Borrowed Tongue is the debut studio album by South Korean singer-songwriter Minhwi Lee. The album was released on 17 November 2016. The album won The Best Folk Album at the 2017 Korean Music Awards.

== Background ==
Before her solo debut, Minhwi Lee was famous under the name of Mukimukimanmansu's Mansu.
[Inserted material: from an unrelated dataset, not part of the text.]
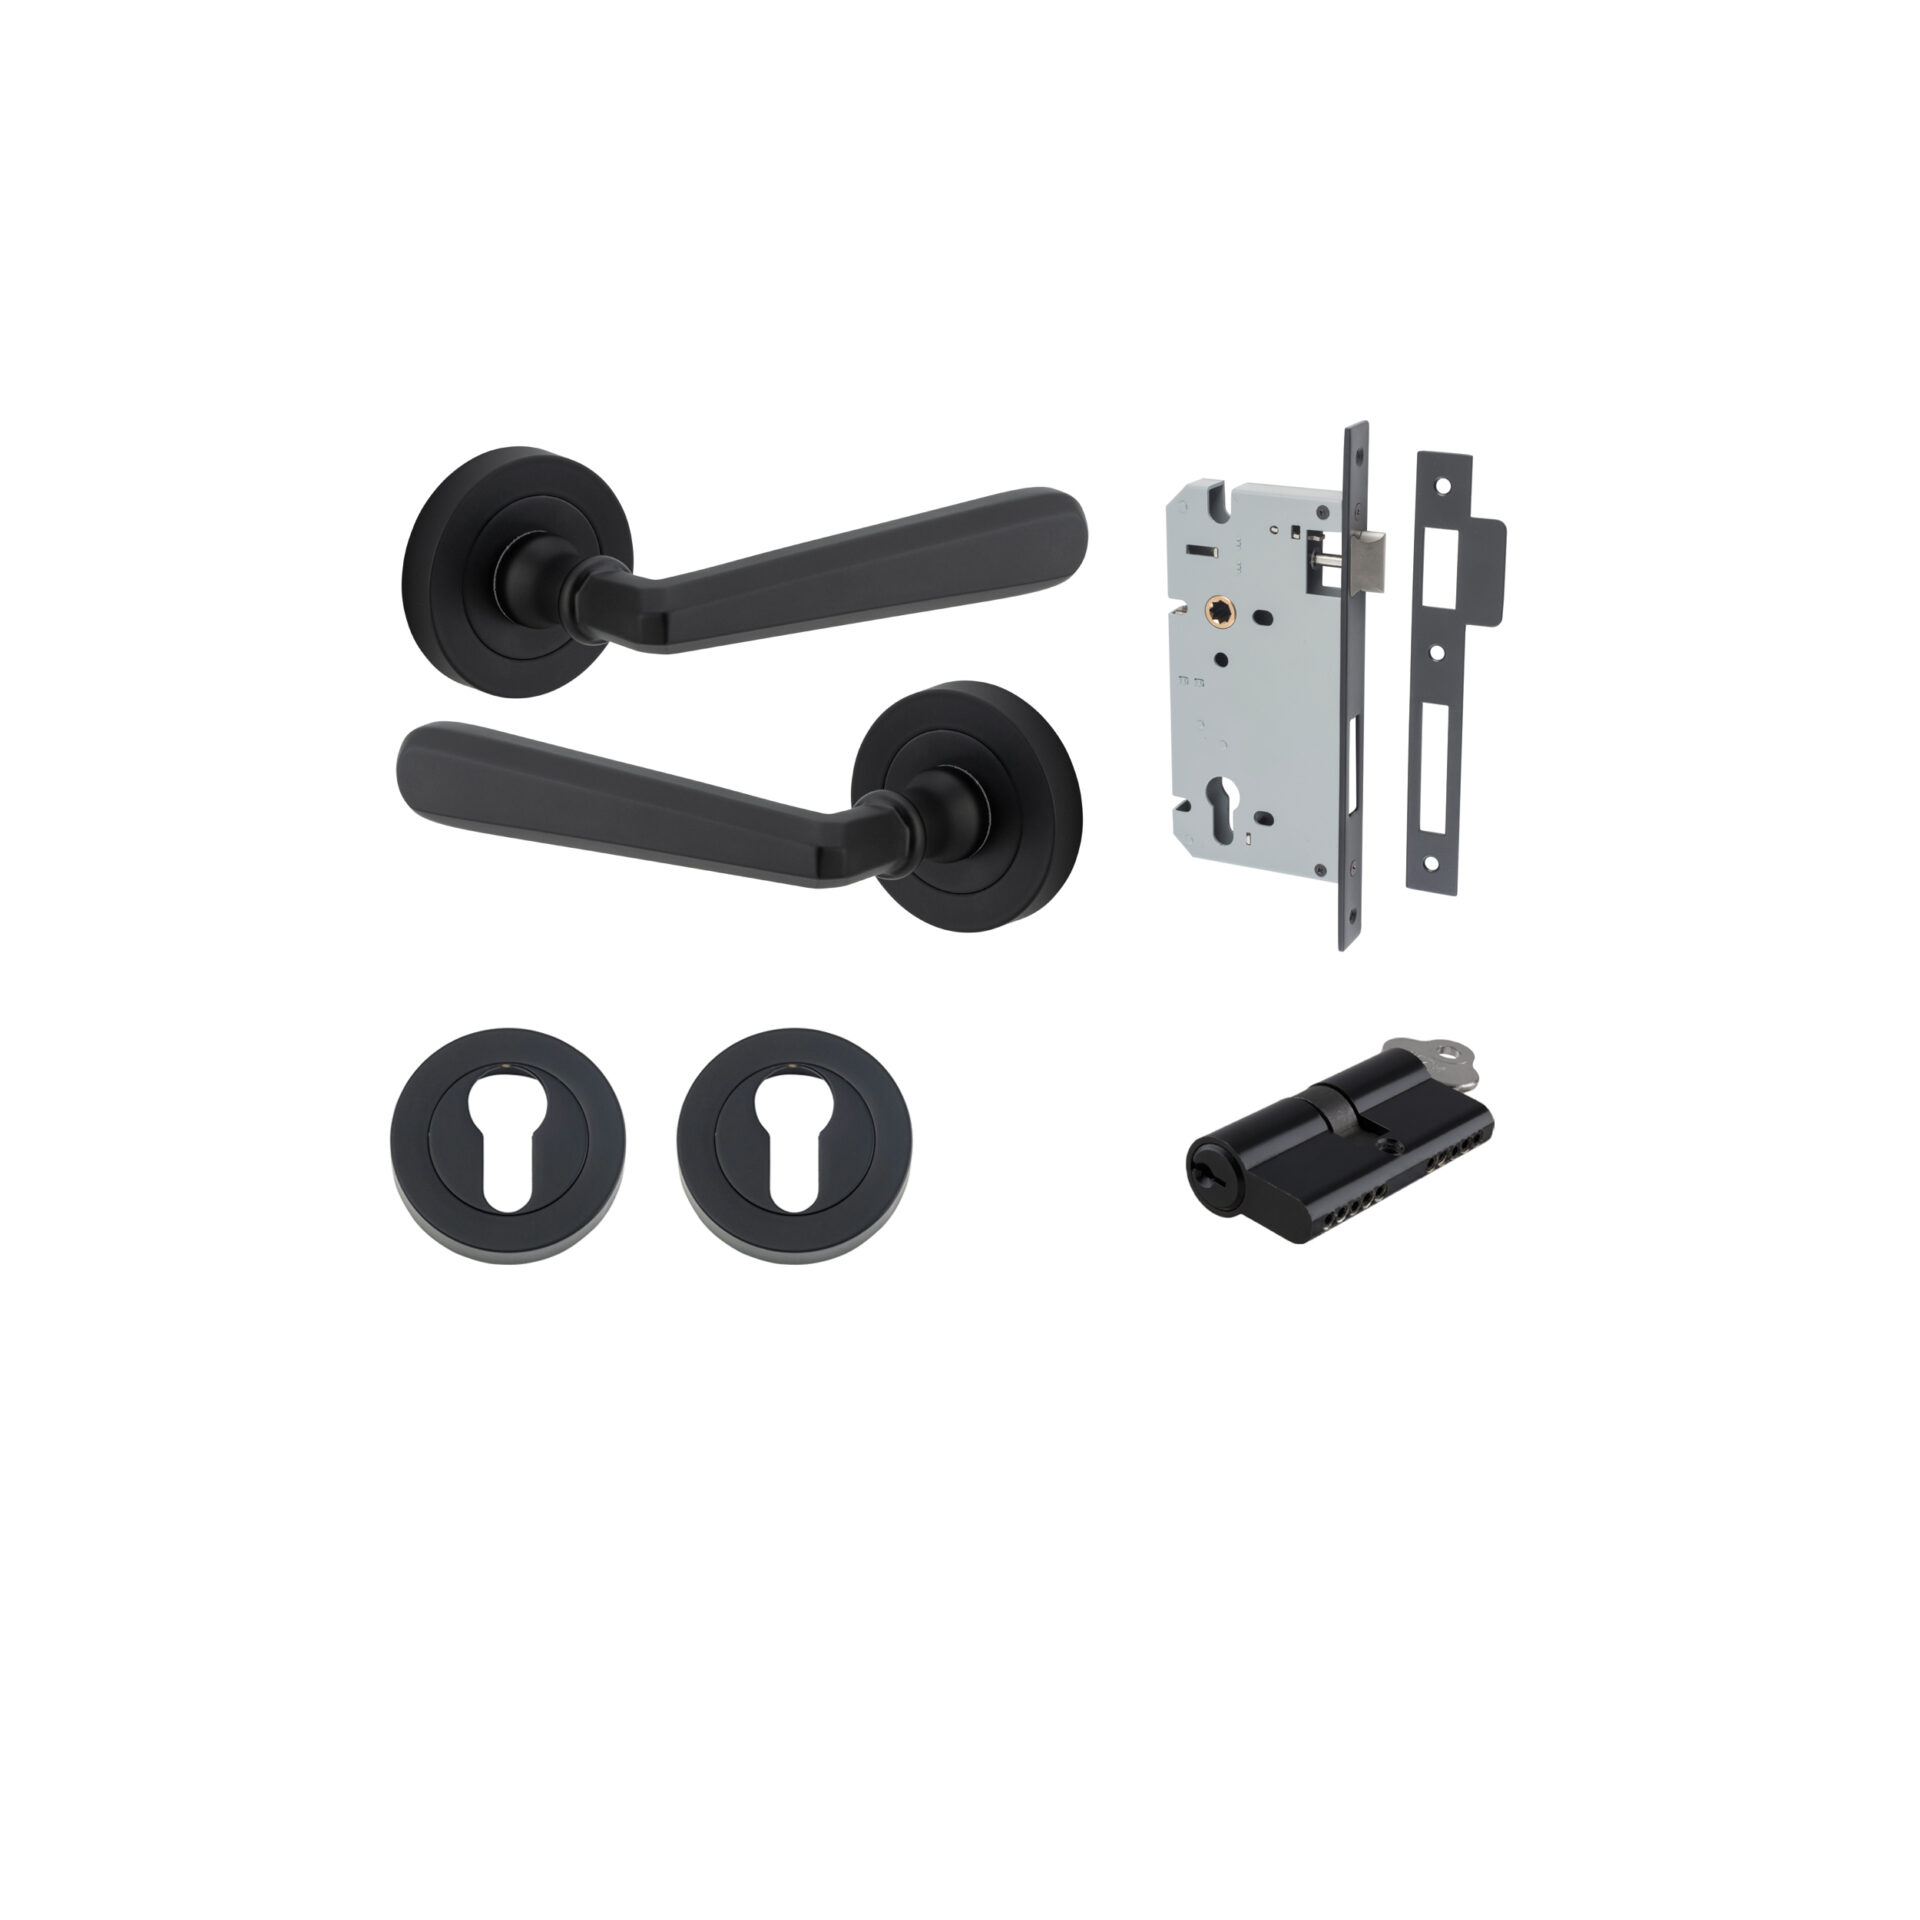 Copenhagen Lever - Round Rose Entrance Kit with Separate High Security Lock

In an interview with Indiepost, she said about Borrowed Tongue, "I did not record on various topics like during Mukimukimanmansu's music style, but rather made them with one theme."

== Critical reception ==
Kim Banya of IZM said, "All of this in Borrowed Tongue blooms with an atypical beauty in a minimal order.". Seong Hyosun of Weiv reviewed the album as "Borrowed Tongue will be a good stimulus and direction for those who face all kinds of absurdities in the world every day and suffer frustration and despair, but speak only with borrowed tongue or remain silent", and named it the second in the best Korean albums of 2016.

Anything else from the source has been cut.